Worker's Compensation - If you file a worker's compensation claim and I/NCLA have treated you relevant to that claim, I/NCLA must disclose any requested medical information and records relative to your injury to your employer, to a licensed and approved vocational rehabilitation counselor assigned to your claim, another health care provider examining you, or the worker's compensation insurer and/or agent.

IV. Patient's Rights and Psychologist's/Psychiatrist's Duties

Patient's Rights:
· Right to Request Restrictions -You have the right to request restrictions on certain uses and disclosures of protected health information. However, I/NCLA am/is not required to agree to a restriction you request.

· Right to Receive Confidential Communications by Alternative Means and at Alternative Locations - You have the right to request and receive confidential communications of PHI by alternative means and at alternative locations. (For example, you may not want a family member to know that you are seeing me/NCLA. On your request, I/NCLA will send your bills to another address.)

· Right to Inspect and Copy - You have the right to inspect or obtain a copy (or both) of PHI in my health and billing records used to make decisions about you for as long as the PHI is maintained in the record. I/NCLA may deny your access to PHI under certain circumstances, but in some cases, you may have this decision reviewed. On your request, I/NCLA will discuss with you the details of the request and denial process.

· Right to Amend - You have the right to request an amendment of PHI for as long as the PHI is maintained in the record. I/NCLA may deny your request. On your request, I/NCLA will discuss with you the details of the amendment process.

· Right to an Accounting - You generally have the right to receive an accounting of disclosures of PHI. On your request, I/NCLA will discuss with you the details of the accounting process.
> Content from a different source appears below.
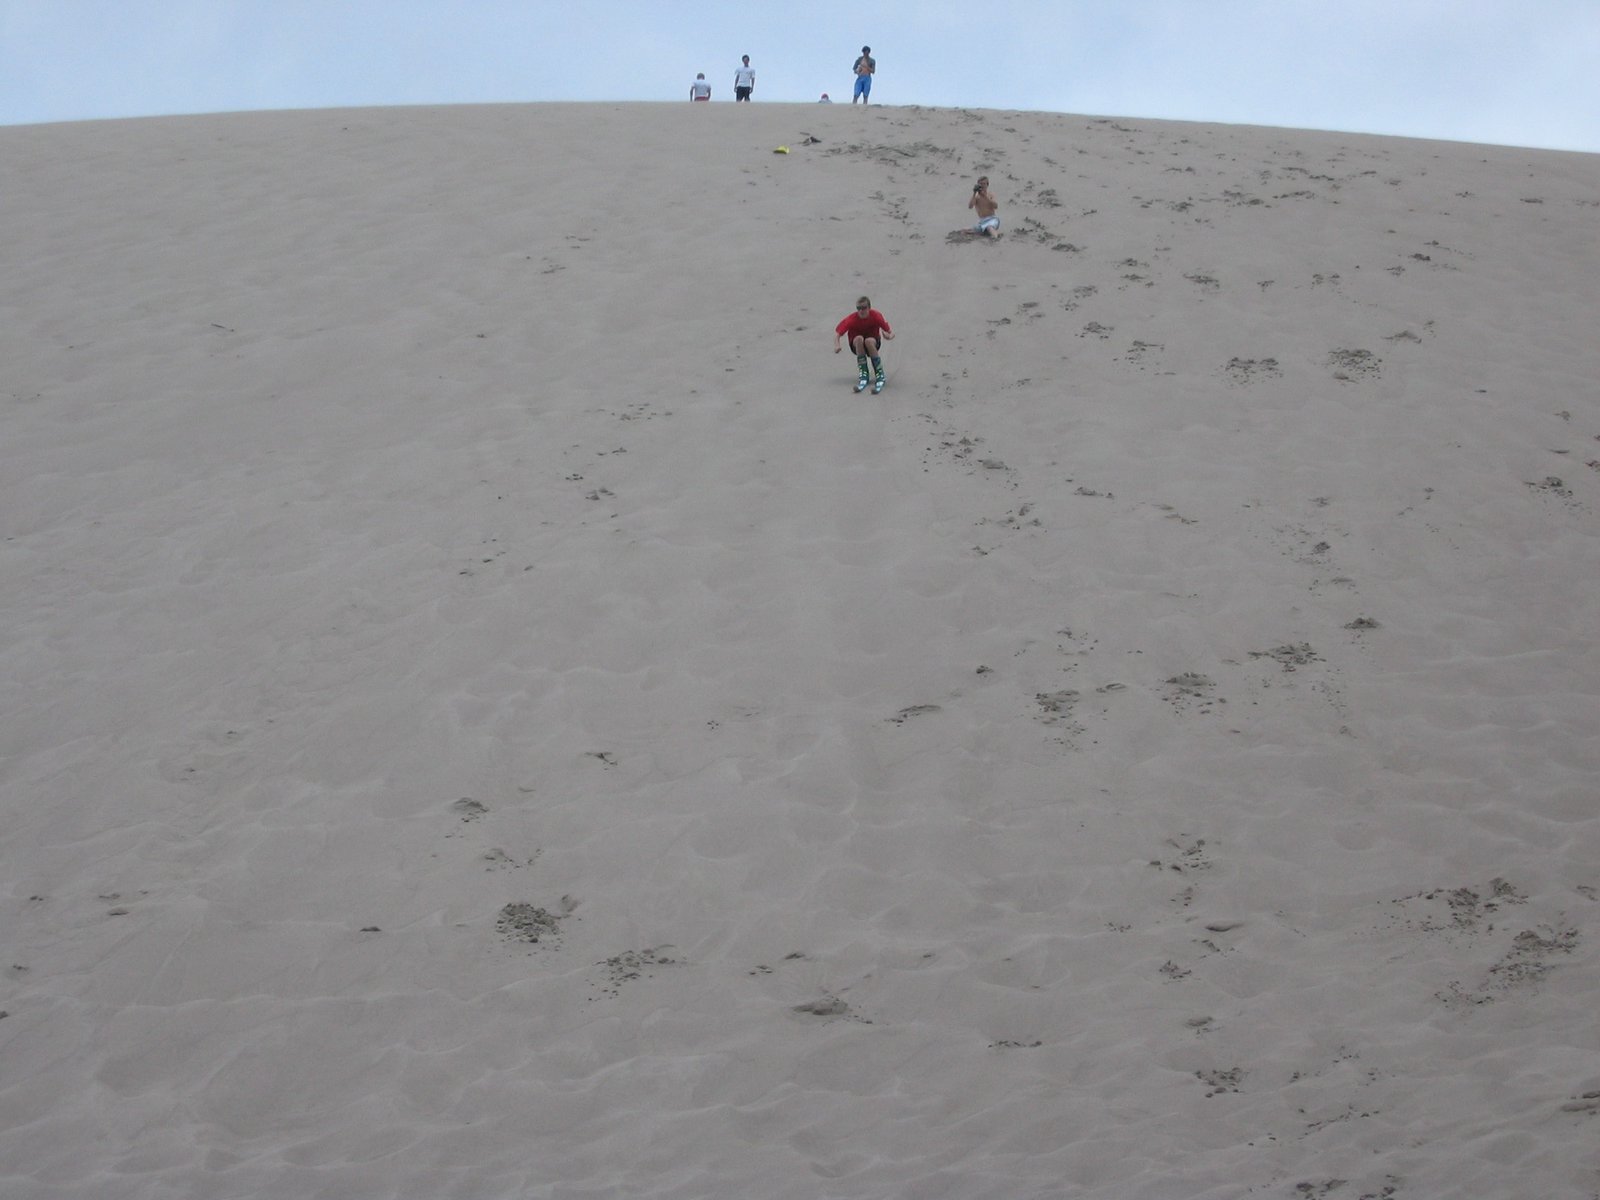 Shredding sand
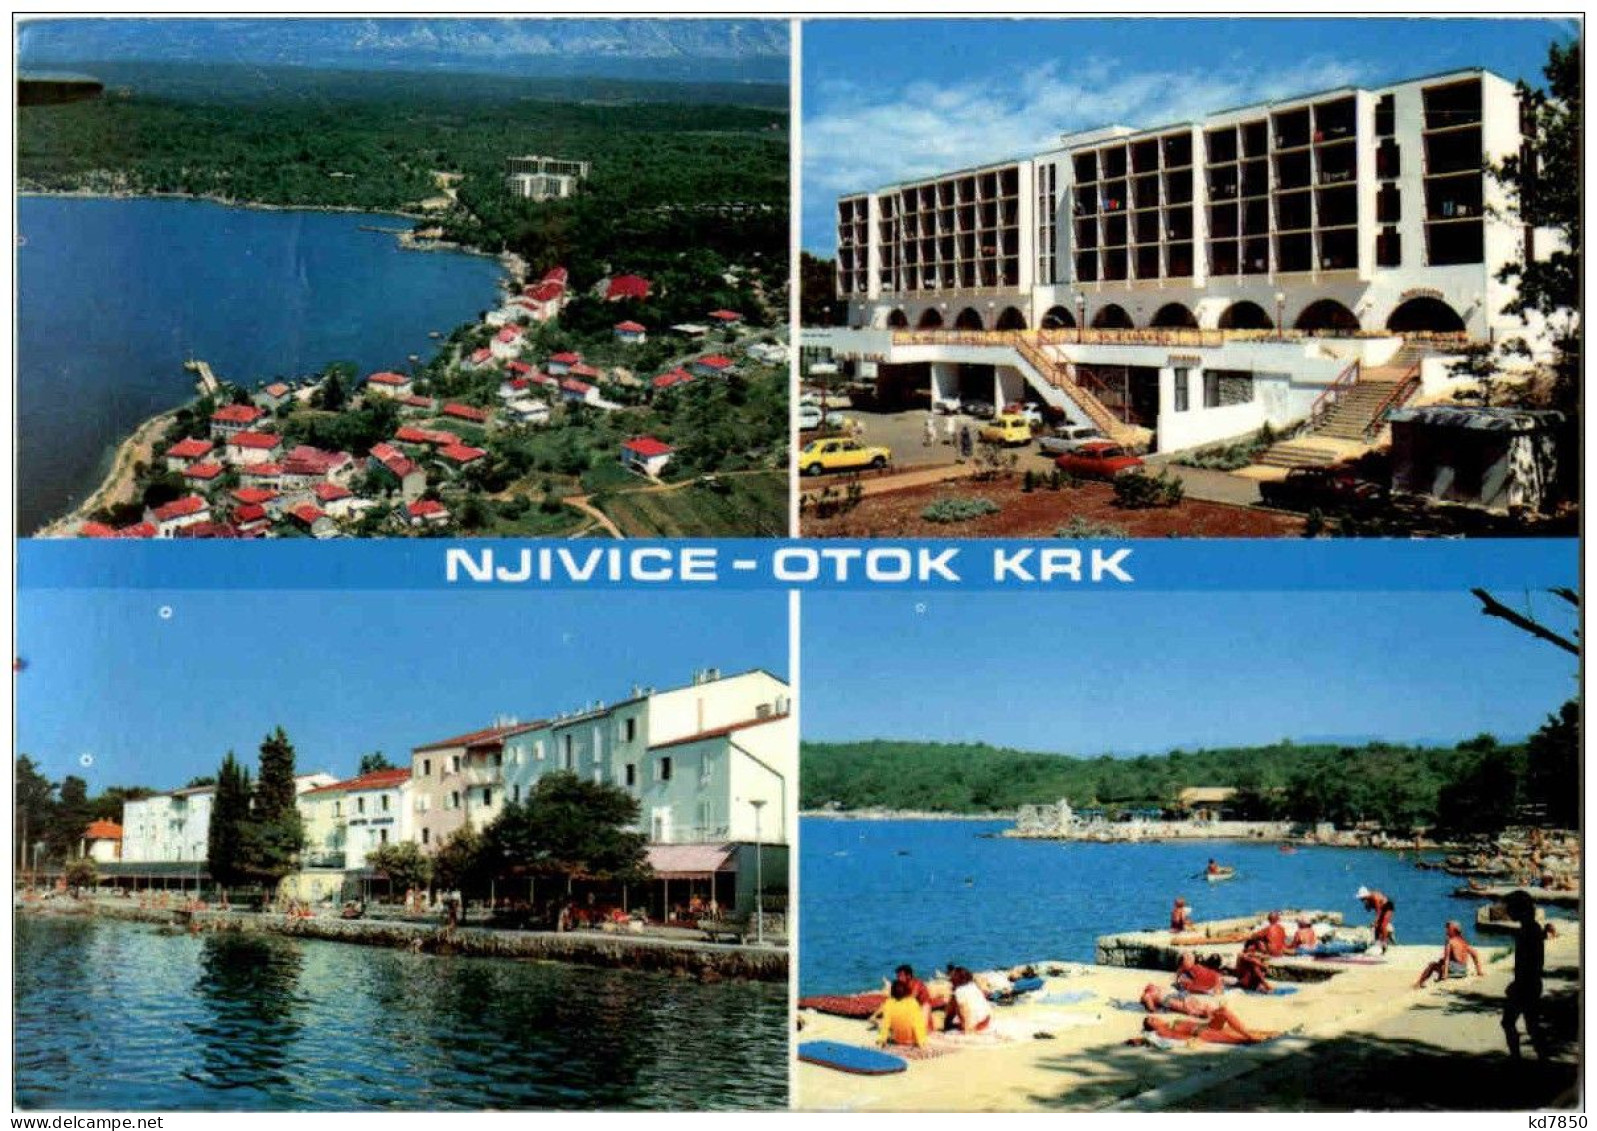 Njivice - Otok Krk - Kroatien

· Right to a Paper Copy - You have the right to obtain a paper copy of the notice from me upon request, even if you have agreed to receive the notice electronically.

Psychologist's/Psychiatrist's Duties
· I/NCLA am required by law to maintain the privacy of PHI and to provide you with a notice of my legal duties and privacy practices with respect to PHI.

· I/NCLA reserve/s the right to change the privacy policies and practices described in this notice. Unless I/NCLA notify you of such changes, however, I/NCLA am required to abide by the terms currently in effect.

· If I/NCLA revise my policies and procedures, I/NCLA will notify you by mail.

V. Questions and Complaints

If you have questions about this notice, disagree with a decision I/NCLA make about access to your records, or have other concerns about your privacy rights, you may contact our privacy officer.

If you believe that your privacy rights have been violated and wish to file a complaint with our office, you may send your written complaint.

You may also send a written complaint to the Secretary of the U.S. Department of Health and Human Services. The privacy officer can provide you with the appropriate address upon request.

You have specific rights under the Privacy Rule. I/NCLA will not retaliate against you for exercising your right to file a complaint.

VI. Effective Date, Restrictions, and Changes to Privacy Policy

This notice will go into effect on April 14, 2003.

You will be notified of any changes by mail.

VII. Acknowledgement Of Receipt Of Notice Privacy Practices

I, _______________________________________, acknowledge that I have received a copy of the Notice of Privacy Practices.

_______________________________
Signature of Patient

______________________________
Signature of Practitioner or Privacy Officer


BY MAIL


mailed notice with confirmation


response received


no response


IN PERSON


notice explained


notice signed


notice refused

NOTE: This form must be returned prior to or at the time of your first session on or after April 14, 2003.